今を駆け抜ける龍くんから連絡が来た。突拍子もなく、行動を起こすのは昔からあまり変わっていない。明日、遊びに行こう、たったそれだけのメッセージだった。アイドルがそんな街中に遊びに行って良いのかとか、隣に女の子を連れていたら何か雑誌に取り上げられるのではないかとか、いろいろ心配事はあったが、龍くんにまず尋ねたのは仲良しグループの誰に声を掛けたかということだった。全員集まれることはまずないだろう。学生とは違って、みんなそれぞれに仕事や用事があって、なかなか時間が合うことはないからだ。わたしがメッセージを送ってすぐに龍くんから返信が届く。いつもの待ち合わせ場所で、そして明日は二人だから、という内容がそこには書かれていた。わたしは龍くんと二人で遊ぶなんてこれまでに一度もなかった。でもまあ、いつも遊んでいるグループの子だし、そんな変に考えることもないかと思って、了解の意を込めたスタンプを押す。
腕時計をチラチラ見ながら、龍くんの到着を待つ。あと少しで着くとメッセージが来てから、随分長いようだけれど何かあったのだろうか。龍くんはいわゆる不運体質というやつで、彼の身には何かしら降り掛かってくることが多かった。笑って済ますことができるのは龍くんがそういう人だから、というのもあるかもしれない。

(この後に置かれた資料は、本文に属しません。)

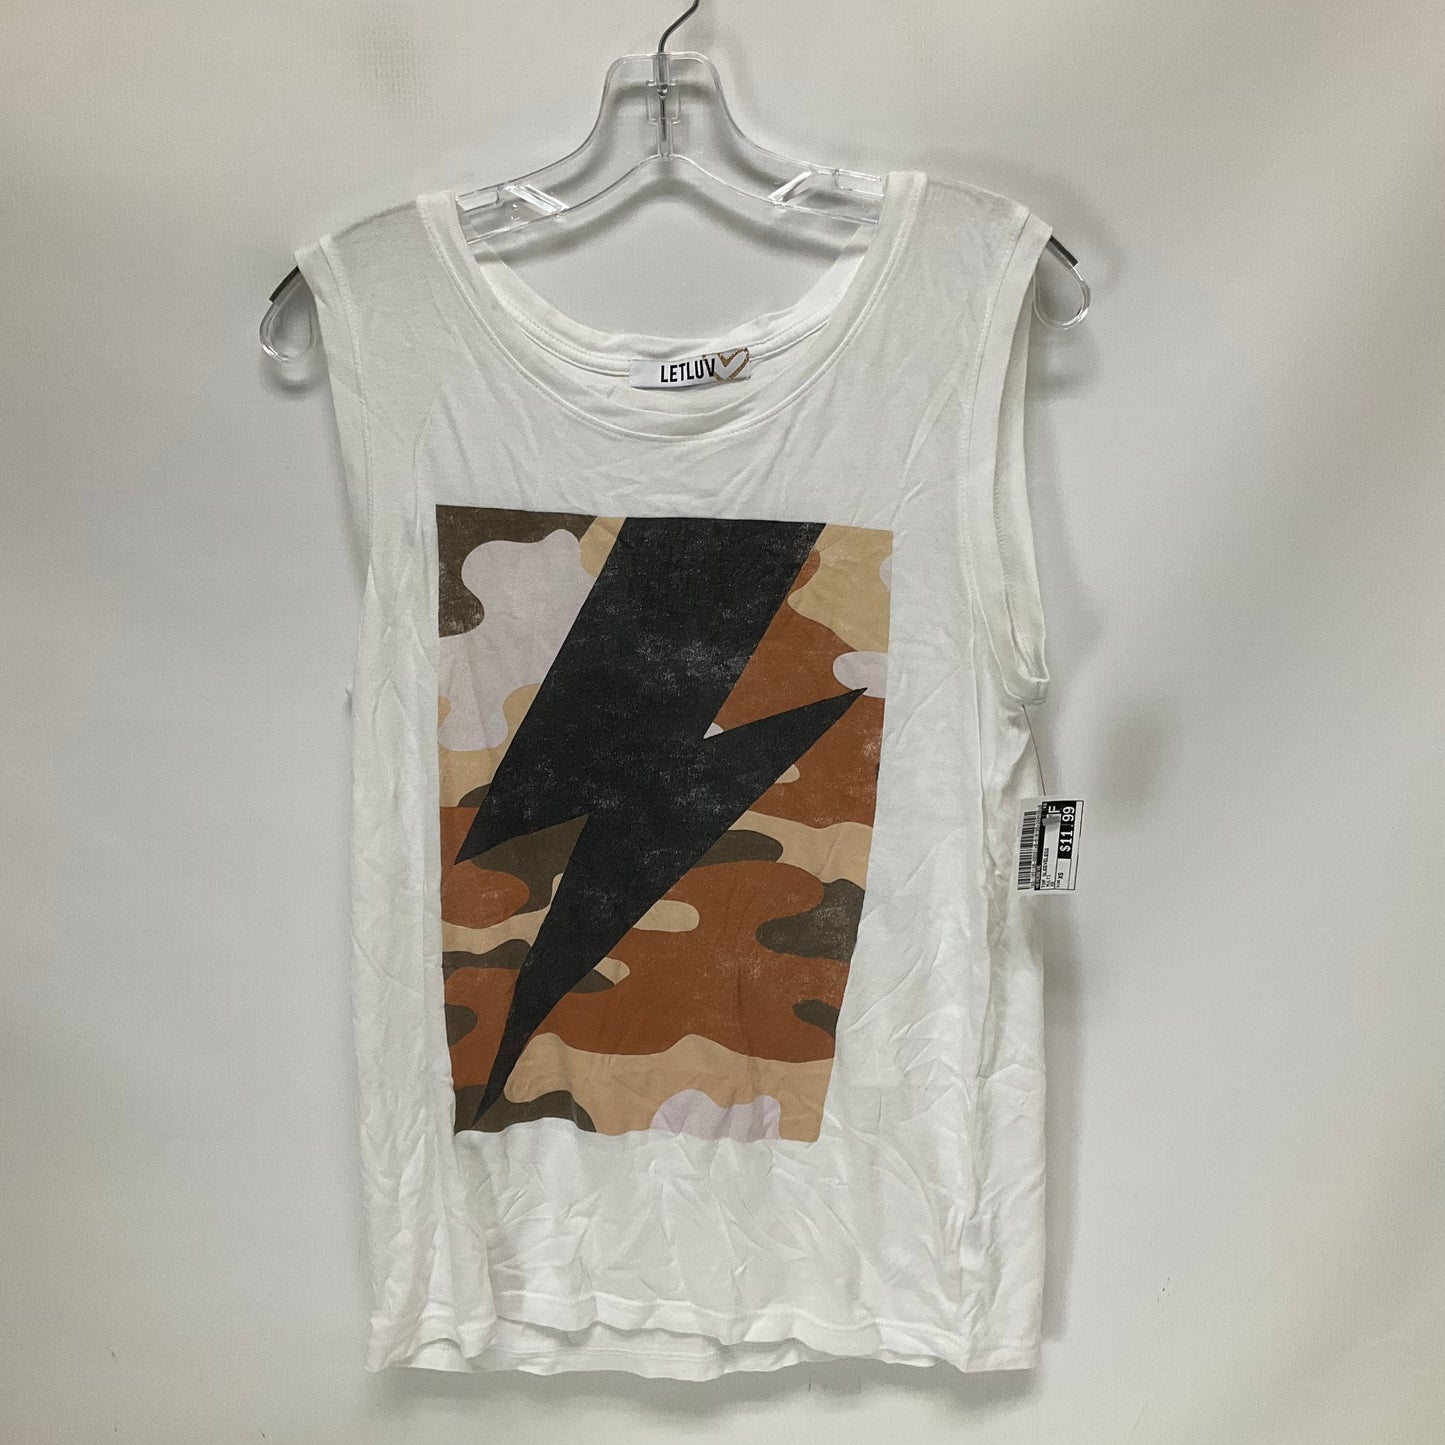 Multi-colored Top Sleeveless Evereve, Size Xs

すると、わたしの前に見たことのない車が一台止まる。ここは待ち合わせ場所にとても便利の良いところで、色んな人が約束の場所として取り付けることが多いことは聞いている。誰か車に乗るのかな、と思って一歩後ろに足を下げると、その車の窓が開いていく。その中には見知った顔。そして、よく通る声。ある可能性に辿りついたわたしは、その窓の奥をじっと見つめた。こんなに近い距離なのに、ぶんぶんと手を振っているのは紛れもなく龍くんだった。いつも遊ぶ時は全員が公共交通機関を使って集合していたので、車という選択肢は最初から排除されていたのだ。しかも、あの龍くんが運転席に座っている。わたしたちは大人になったんだなあ、と思ったと同時に運転席が似合う龍くんをついつい見つめてしまう。なかなか助手席に乗り込もうとしない龍くんが、わたしのことを急かした。
「名前ちゃん、早く乗って」
「あ、ごめん。意外すぎたから……」
「俺だって車の運転くらいするよ!ま、まあ、ちょっと来るまでに道に迷ったけど……」
「あはは、龍くんらしい」
「そ、それは置いておいて。ほらほら、早く早く!」
車に乗り込んでシートベルトを着用したのを確認した龍くんはアクセルを踏む。男の人に運転してもらう上に助手席に乗っているのって、お父さんやおじいちゃん、お兄ちゃん以外は龍くんが初めてだった。すぐそばの赤信号で止まったので、ちらりと龍くんの横顔を見る。それが、いけなかった。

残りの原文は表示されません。